On the other hand, if the partitioned data is to be preferred a priori, what prevents one from partitioning the data into arbitrary sub-categories (say based on eye color or post-treatment pain) artificially constructed to yield wrong choices of treatments? Pearl[2] shows that, indeed, in many cases it is the aggregated, not the partitioned data that gives the correct choice of action. Worse yet, given the same table, one should sometimes follow the partitioned and sometimes the aggregated data, depending on the story behind the data; with each story dictating its own choice. Pearl[2] considers this to be the real paradox behind Simpson's reversal.
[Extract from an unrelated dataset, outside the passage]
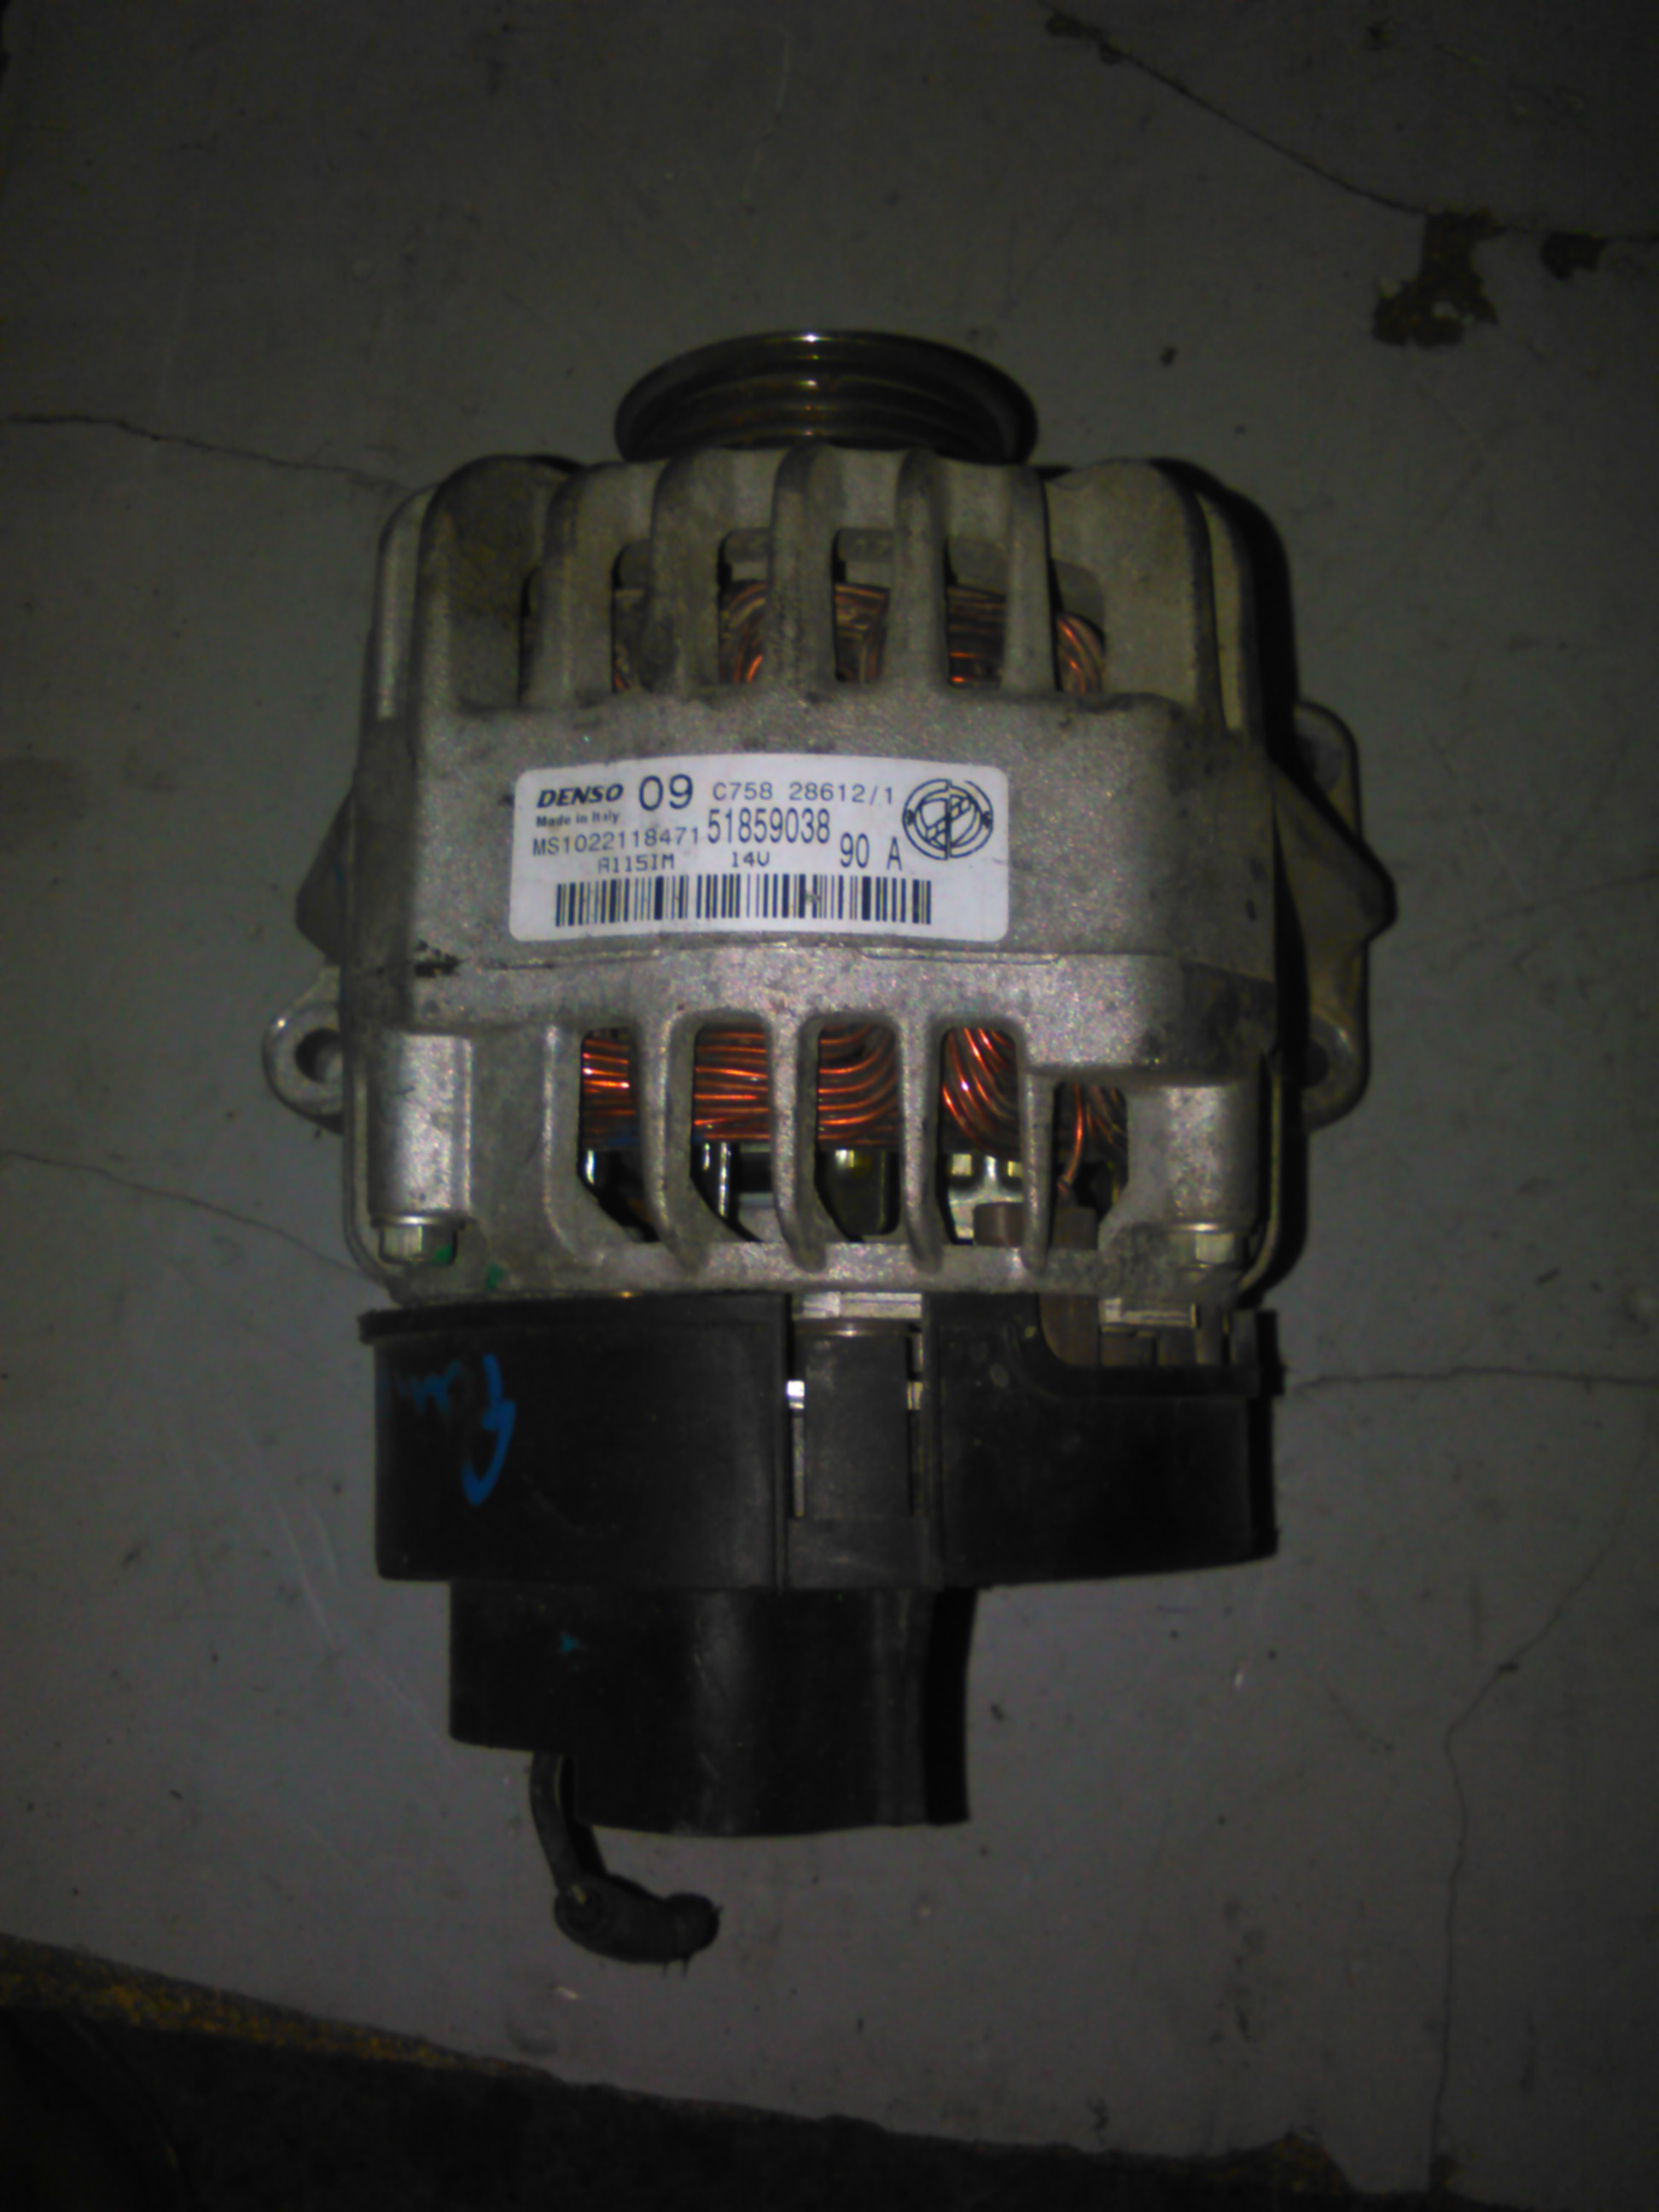 Alternator Fiat Punto 1.2, 1.4 motor 169A4000 cod ms1022118471

As to why and how a story, not data, should dictate choices, the answer is that it is the story which encodes the causal relationships among the variables. Once we extract these relationships and represent them in a graph called a causal Bayesian network we can test algorithmically whether a given partition, representing confounding variables, gives the correct answer. The test, called "back-door," requires that we check whether the nodes corresponding to the confounding variables intercept certain paths in the graph. This reduces Simpson's Paradox to an exercise in graph theory.